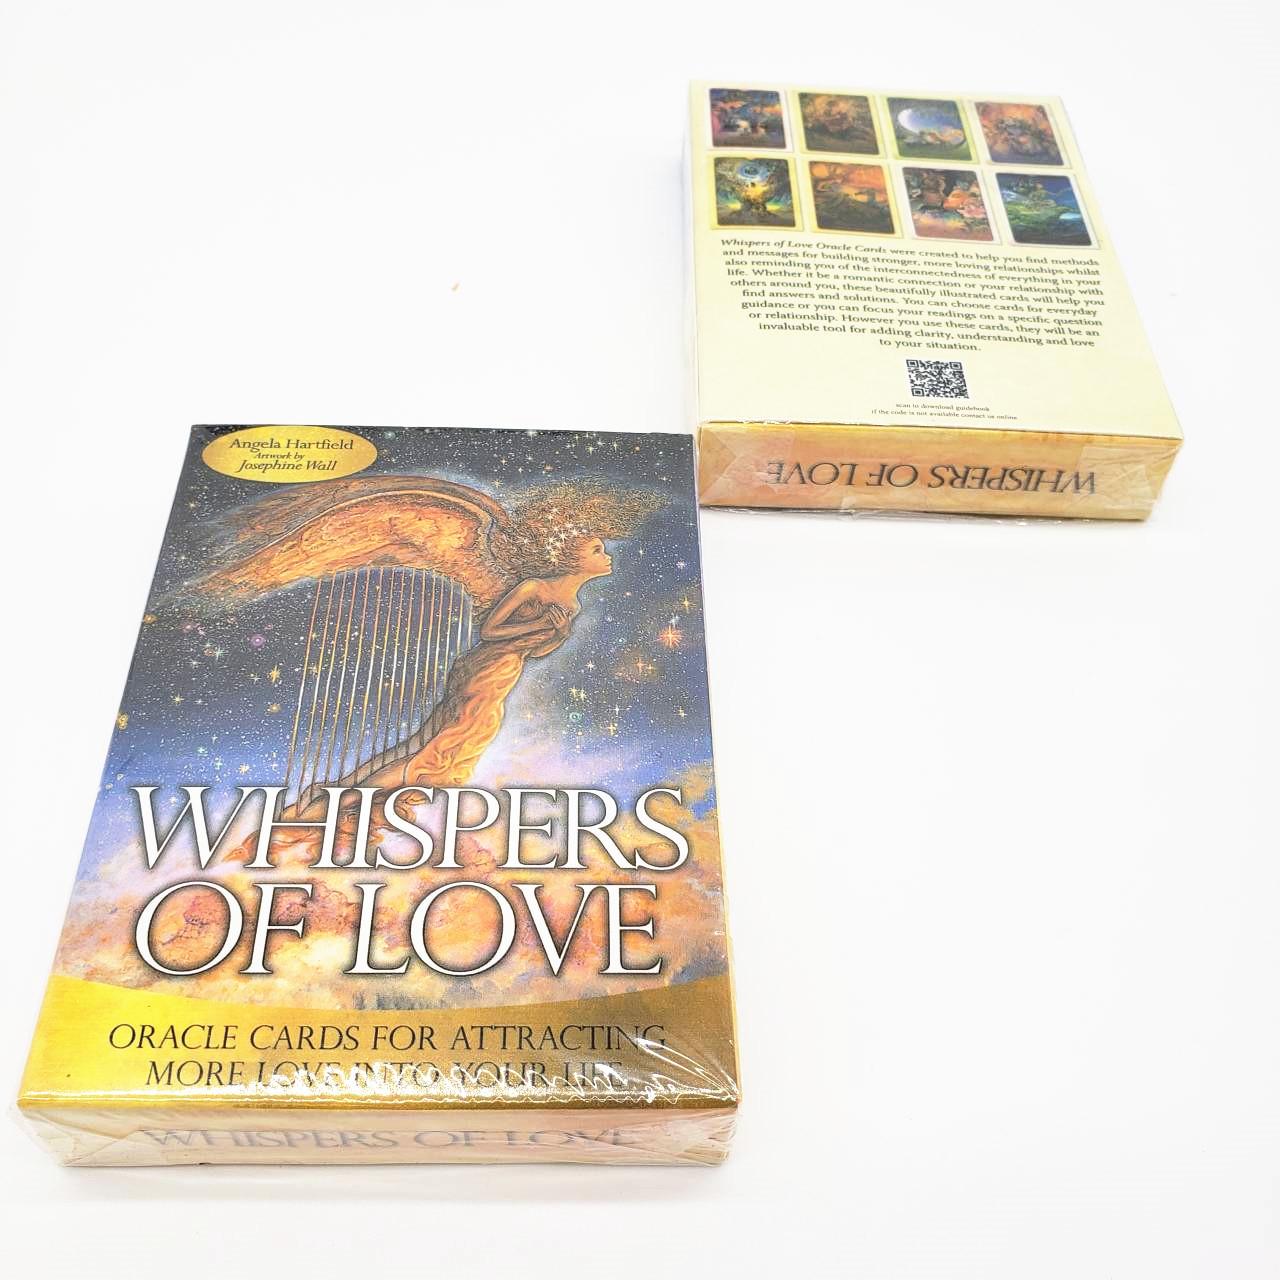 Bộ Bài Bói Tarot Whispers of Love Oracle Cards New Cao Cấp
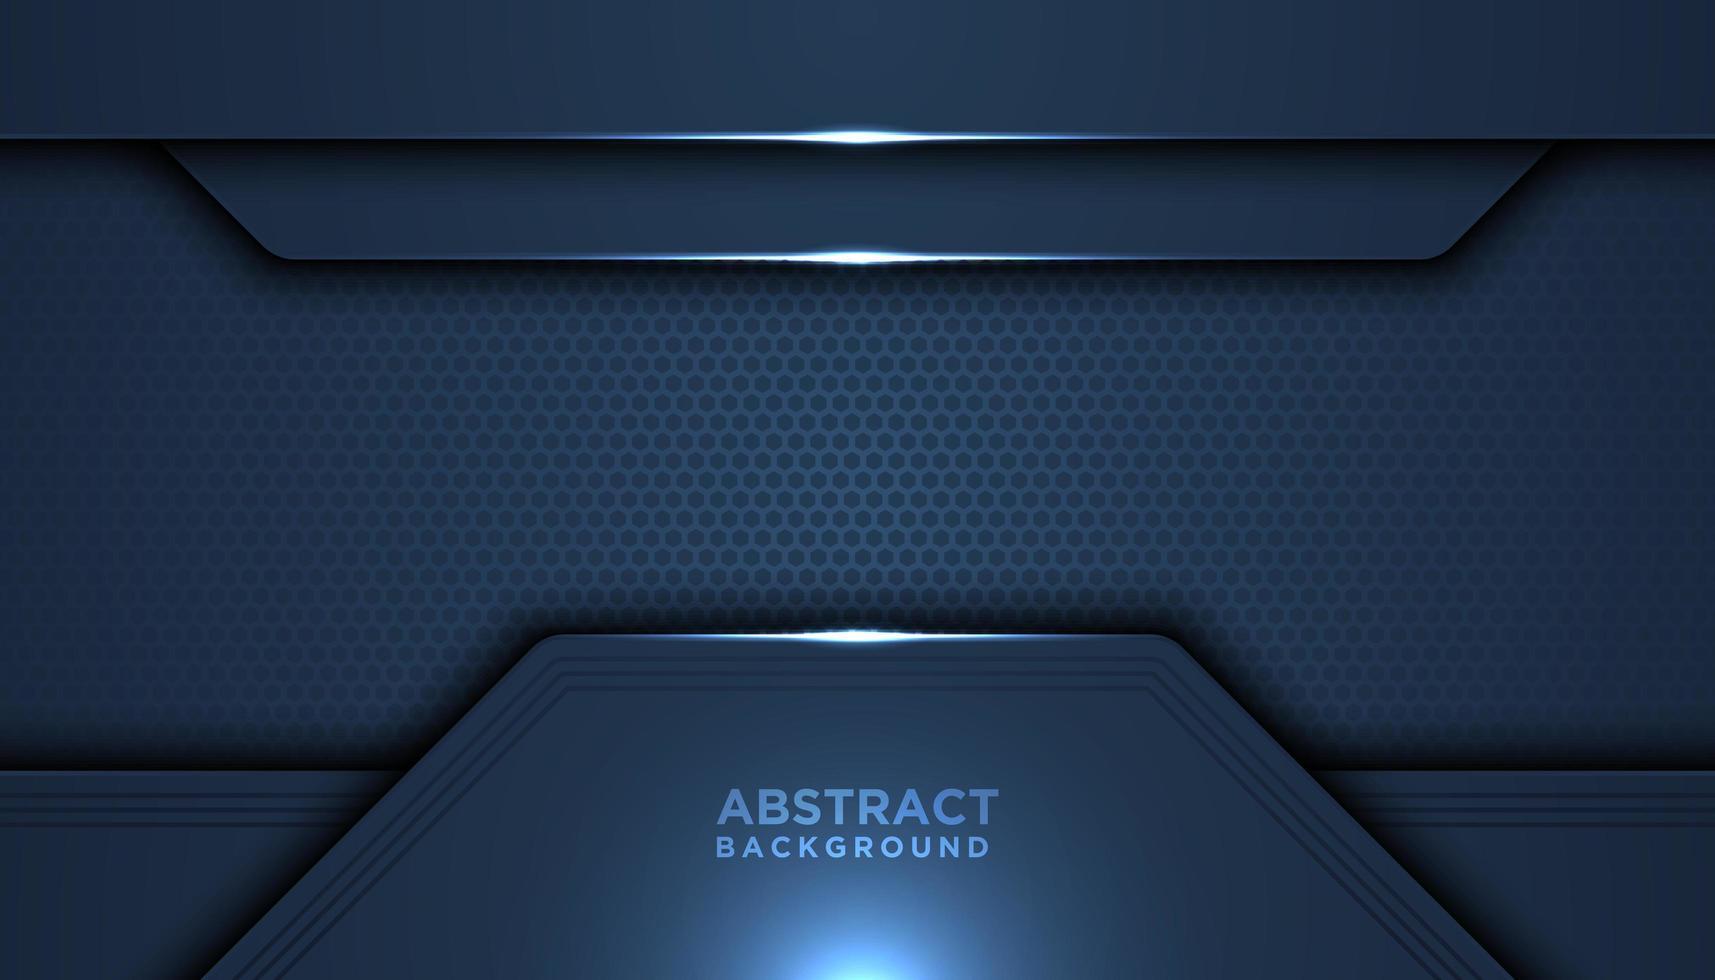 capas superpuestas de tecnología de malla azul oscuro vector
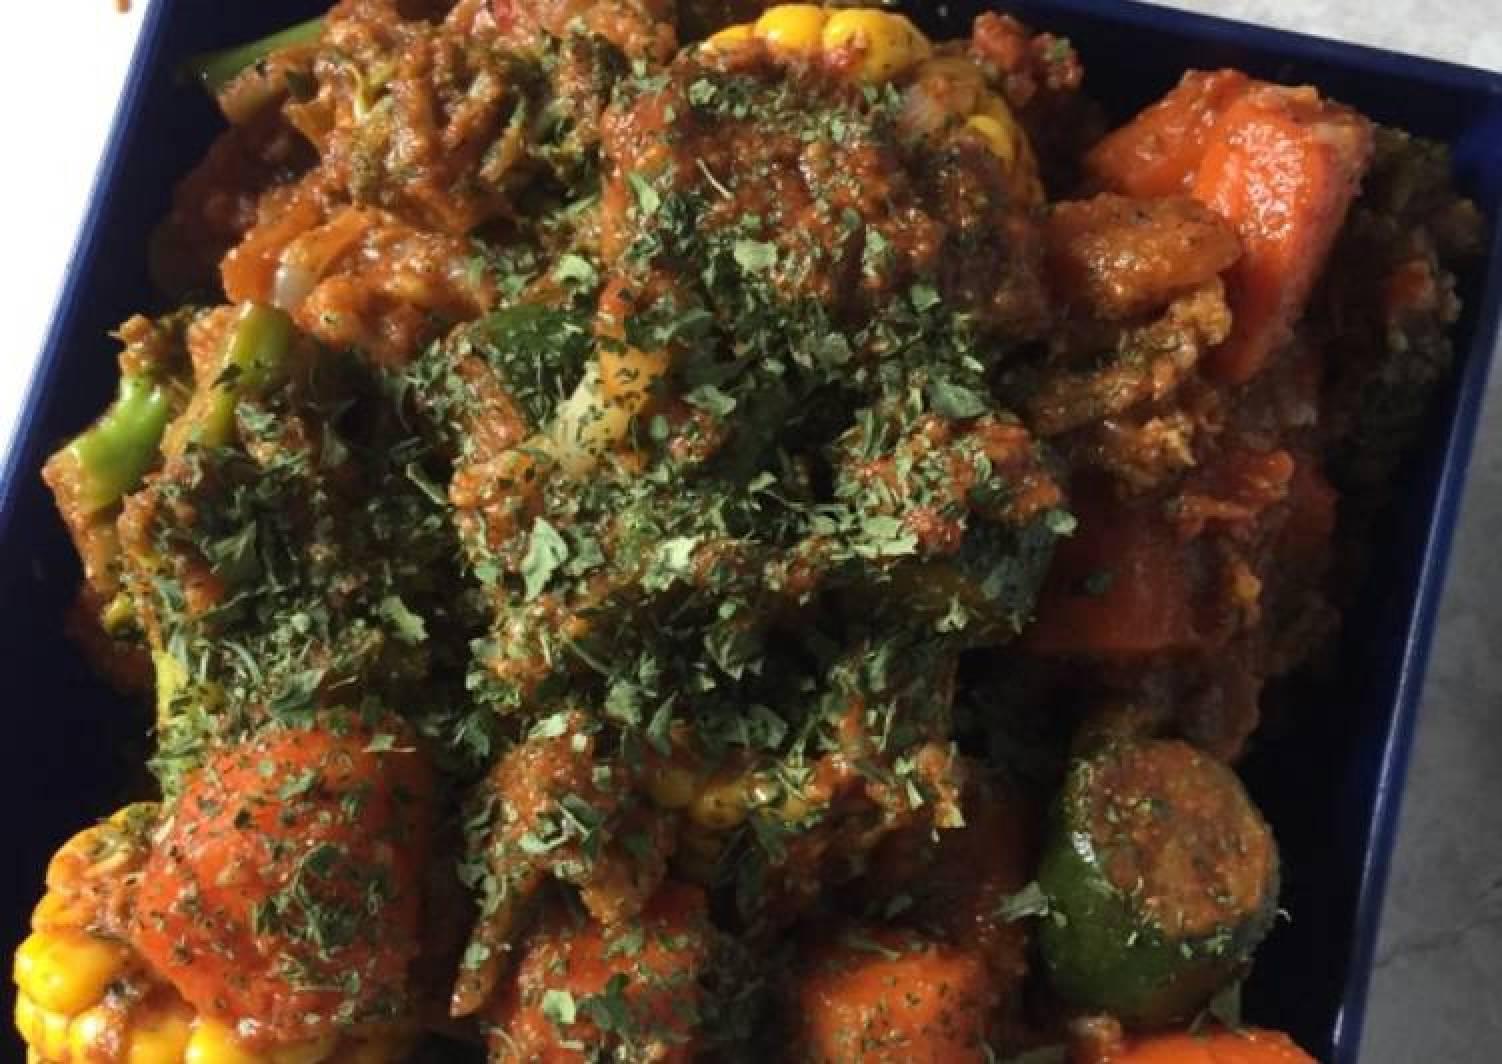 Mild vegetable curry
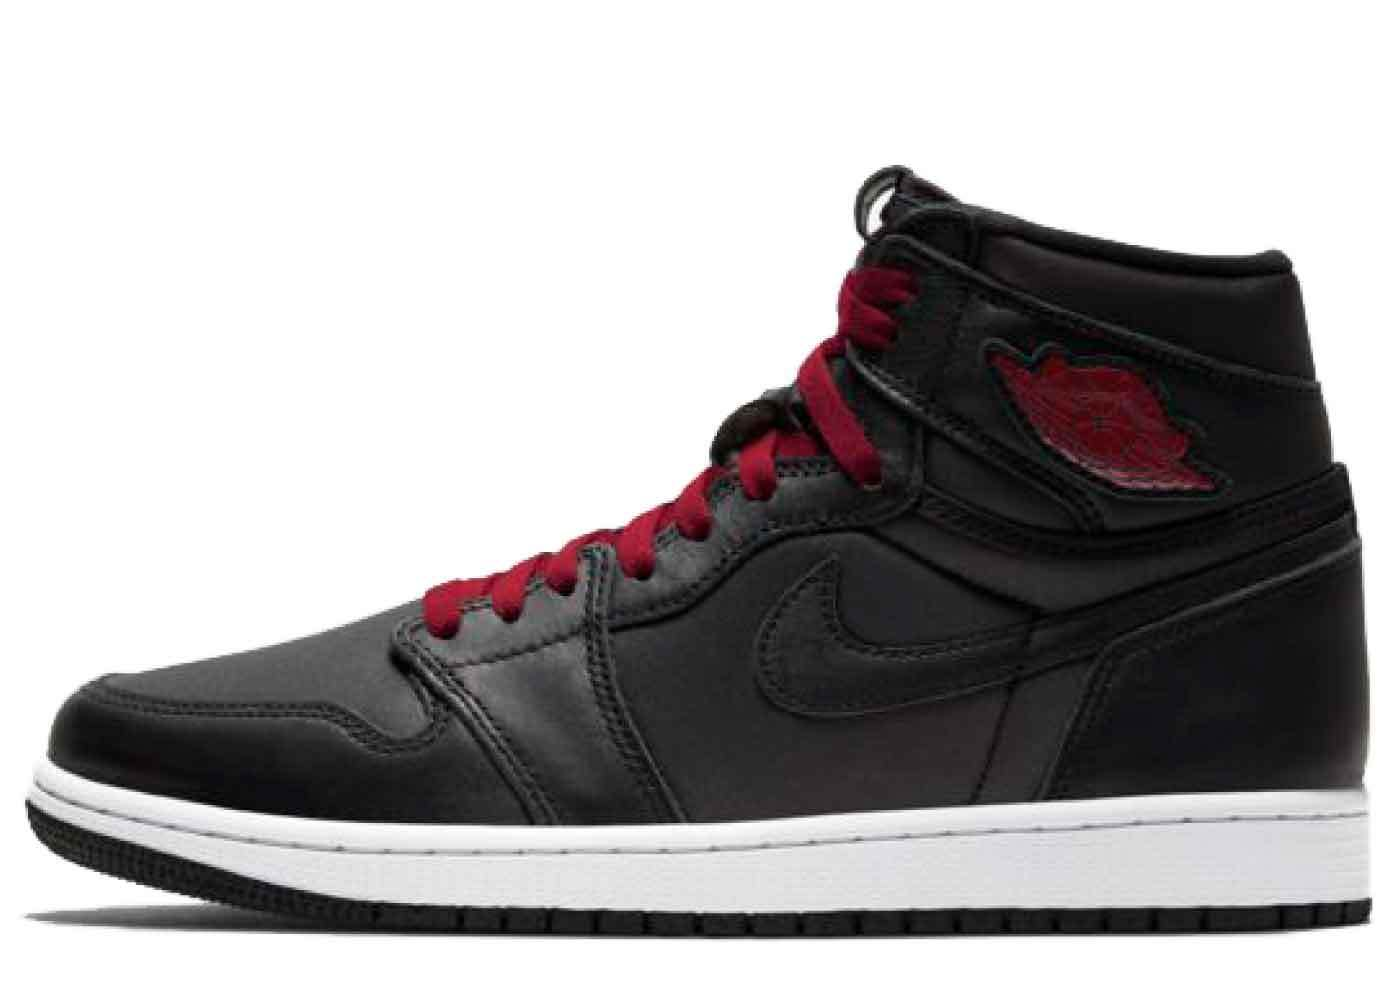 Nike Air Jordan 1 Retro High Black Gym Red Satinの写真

→ Required action: Your reply should consist solely of the lines from the line containing "Mild vegetable curry" through the last line of the listing, unchanged and free of pictures.

→ Written solution:
 Mild vegetable curry
 Nike Air Jordan 1 Retro High Black Gym Red Satinの写真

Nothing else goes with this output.